Evaluating the profits


As the figure shows the ranking of performance is as follows:

- Naive Markowitz, Sharpe Ratio (SR) 0.82
- Shrinkage, SR 0.96
- Bootstrap, SR 0.97
- Handcrafted SR 1.01
- Equal weighting SR 1.02
So naive is definitely sub optimal, but the others are pretty similar, with perhaps handcrafting and equal weights a fraction ahead of the rest. This is borne out by the T-statistics from doing pairwise comparisons between the various curves. 

boot = system.accounts.portfolio() ## populate the other values in the dict below appropriately
results = dict(naive=oneperiodacc, hc=handcraft_acc, equal=equal_acc, shrink=shrink, boot=boot)

from syscore.accounting import account_test

types=results.keys()
for type1 in types:
for type2 in types:
if type1==type2:
continue print("%s vs %s" % (type1, type2))
print(account_test(results[type1], results[type2]))

A T-statistic of around 1.9 would hit the 5% critical value, and 2.3 is a 2% critical value):

         Naive Shrink Boot   HC   Equal
Naive
Shrink   2.01
Boot     1.56   0.03
HC       2.31   0.81  0.58
Equal    2.33   0.97  0.93  0.19

Apart from bootstrapping, all the other methods handily beat naive with 5% significance. However the rest of the t-statistics are pretty indifferent.

Partly this is because I’ve constrained all the optimisations in similar ways so they don’t do anything too stupid; for example ignoring Sharpe Ratio when optimising over instrument weights. Changing this would mostly penalise the naive optimisation further, but probably wouldn't change things much elsewhere.
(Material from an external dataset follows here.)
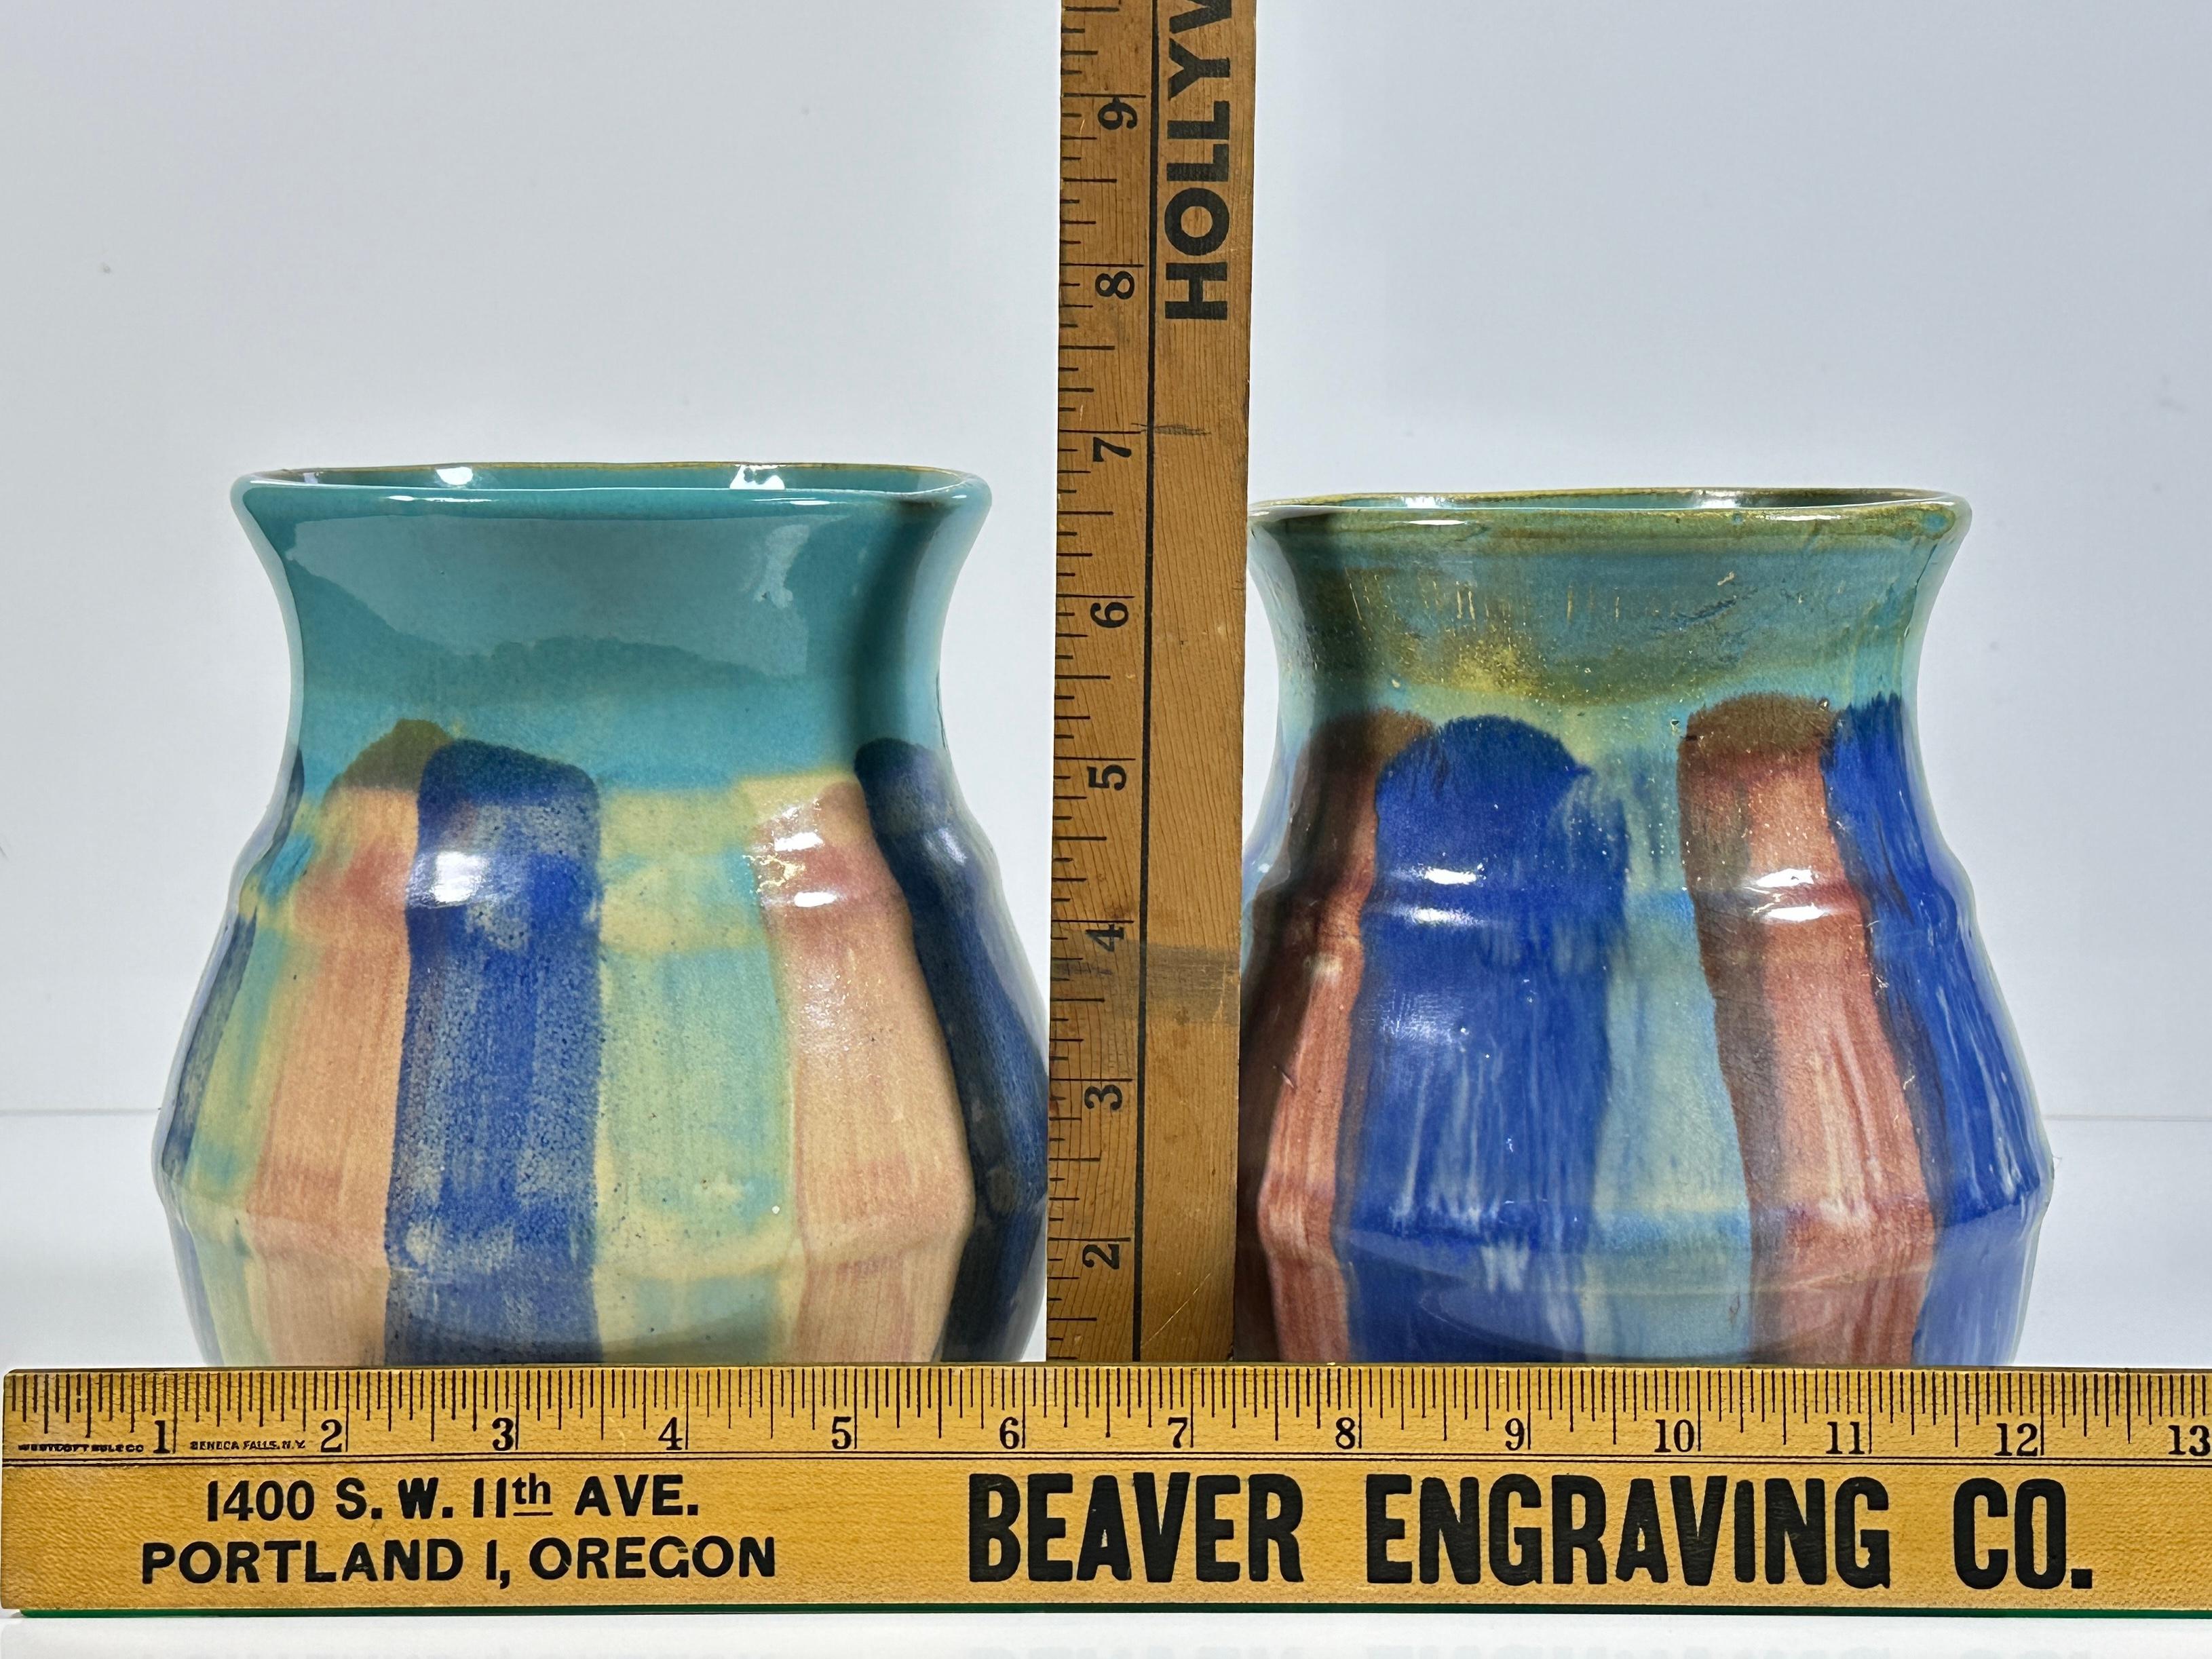 Pair of Hull Vases

It’s always slightly depressing when equal weights beats more complicated methods, but this is partly a function of the data set. Everything is vol scaled, so there is no need to take volatility into account. The correlation structure is reasonably friendly: 

  • for instrument weights we have a pretty even set of instruments across different asset classes, so equal weighted and handcrafted aren’t going to be radically different, 
  • for forecast weights, handcrafting (and all the other methods) produce carry weights of between 30% and 40% for S&P 500, whilst equal weighting would give carry just 14%. However this difference won’t be as stark for other instruments which can only afford to trade 2 or 3 EWMAC crossovers.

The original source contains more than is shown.